Build and Start Containers

Start the Docker containers:

Linux/macOS/Windows:
```
docker compose up --build
```
To run in detached mode (in the background):

Linux/macOS/Windows:
```
docker compose up -d
```
Note for Windows users: If you're using older Docker Desktop versions, you might need to use docker compose (with a space) instead of docker compose.
Access the Applications

Once the containers are running, you can access:
- Frontend: http://localhost:3000
- Backend API: http://localhost:8000
- API Documentation: http://localhost:8000/docs
- pgAdmin: http://localhost:5050

Using pgAdmin

pgAdmin is included in the Docker setup to help manage your PostgreSQL database.
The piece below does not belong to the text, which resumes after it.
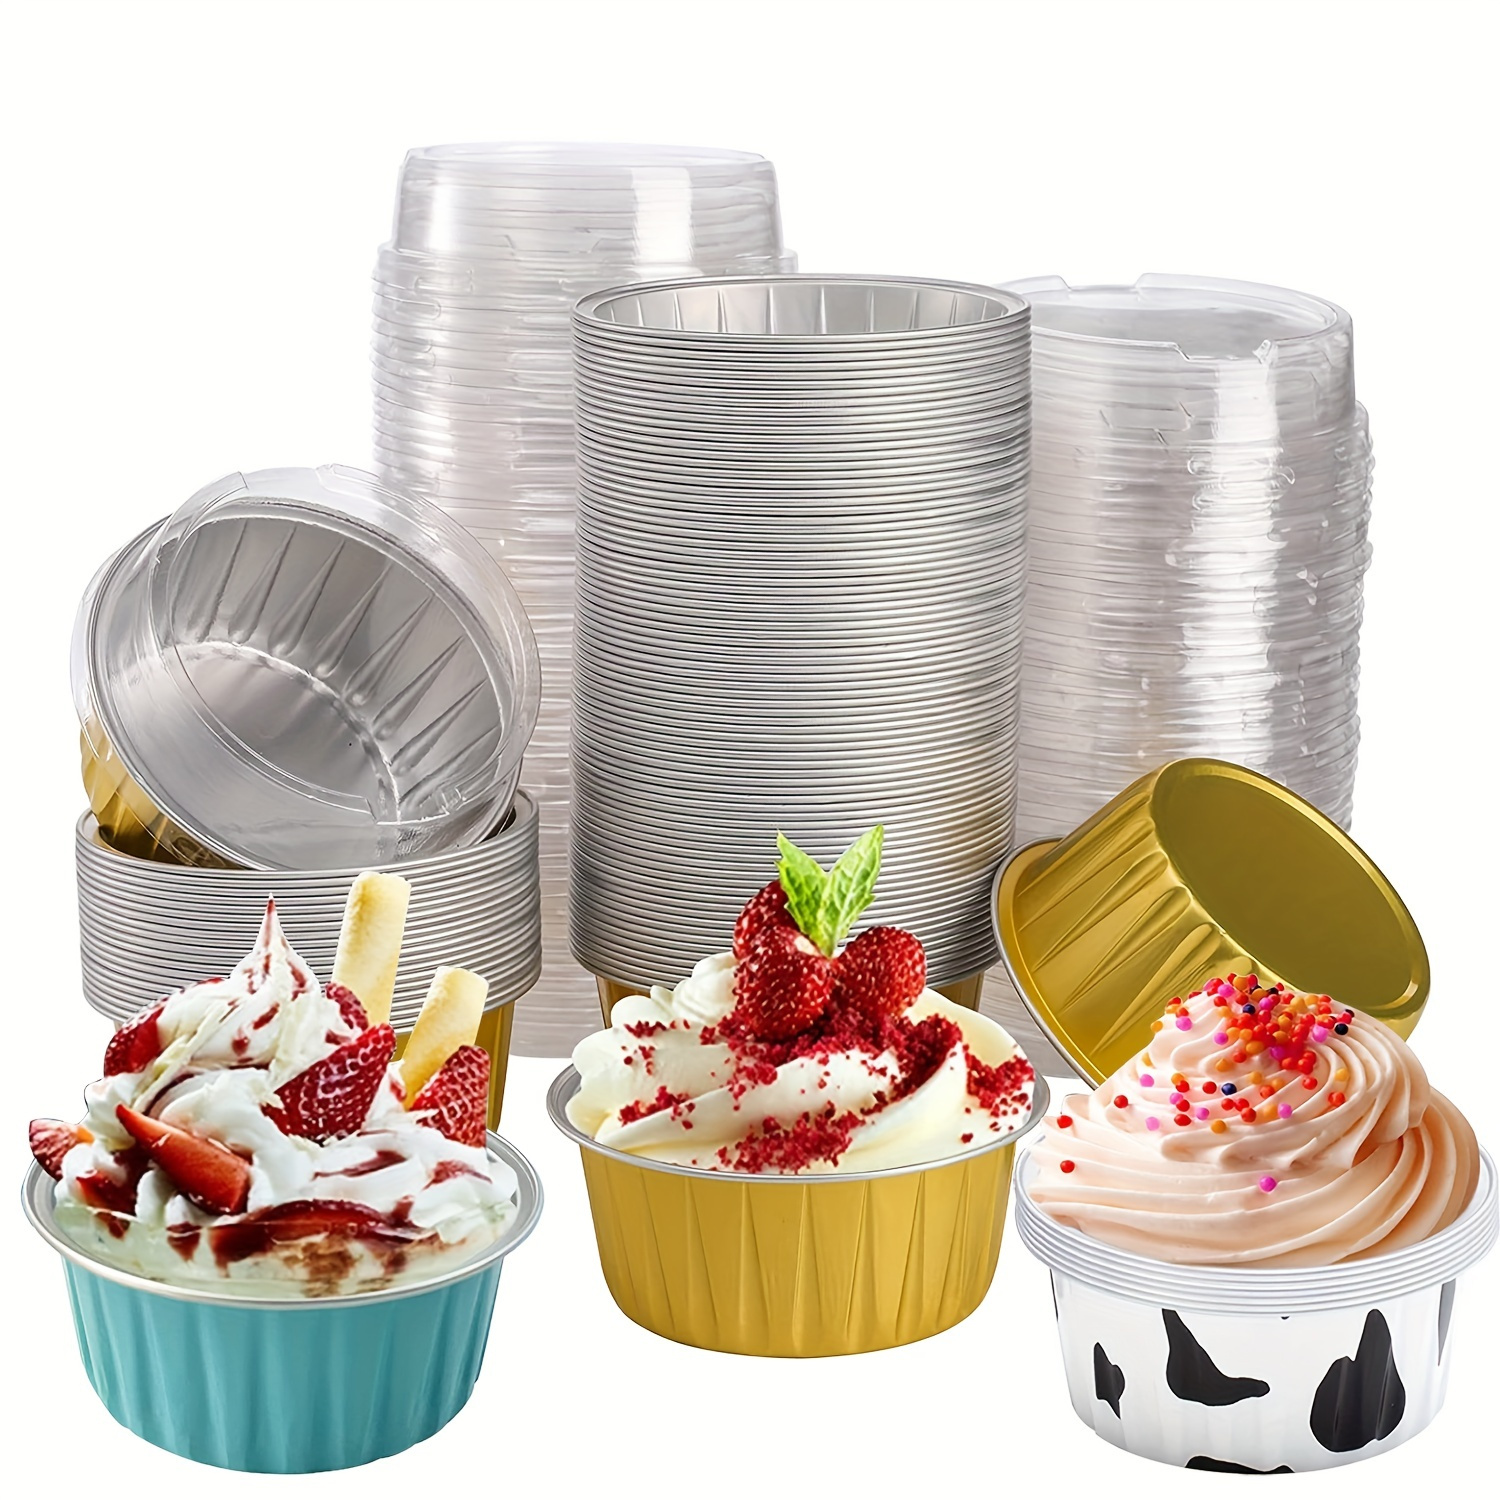 50pcs Foil Cupcake Liners with Lids Heat Resistant 5.5oz Aluminum Cake Cups  Portable Foil Baking Cups Round Aluminum Muffin Liners Cupcake Holders

To connect:

Open pgAdmin at http://localhost:5050
Login with the credentials from your .env file (default: admin@surfsense.com / surfsense)
Right-click "Servers" > "Create" > "Server"
In the "General" tab, name your connection (e.g., "SurfSense DB")
In the "Connection" tab:
- Host: db
- Port: 5432
- Maintenance database: surfsense
- Username: postgres (or your custom POSTGRES_USER)
- Password: postgres (or your custom POSTGRES_PASSWORD)
Click "Save" to connect

Useful Docker Commands

Container Management

Stop containers:

Linux/macOS/Windows:
```
docker compose down
```

View logs:

Linux/macOS/Windows:

# All services
docker compose logs -f

# Specific service
docker compose logs -f backend
docker compose logs -f frontend
docker compose logs -f db

Restart a specific service:

Linux/macOS/Windows:
```
docker compose restart backend
```

Execute commands in a running container:

Linux/macOS/Windows:

# Backend
docker compose exec backend python -m pytest

# Frontend
docker compose exec frontend pnpm lint

Troubleshooting

Linux/macOS: If you encounter permission errors, you may need to run the docker commands with sudo.
Windows: If you see access denied errors, make sure you're running Command Prompt or PowerShell as Administrator.
If ports are already in use, modify the port mappings in the docker-compose.yml file.
For backend dependency issues, check the Dockerfile in the backend directory.
For frontend dependency issues, check the Dockerfile in the frontend directory.
Windows-specific: If you encounter line ending issues (CRLF vs LF), configure Git to handle line endings properly with git config --global core.autocrlf true before cloning the repository.

Next Steps

Once your installation is complete, you can start using SurfSense! Navigate to the frontend URL and log in using your Google account.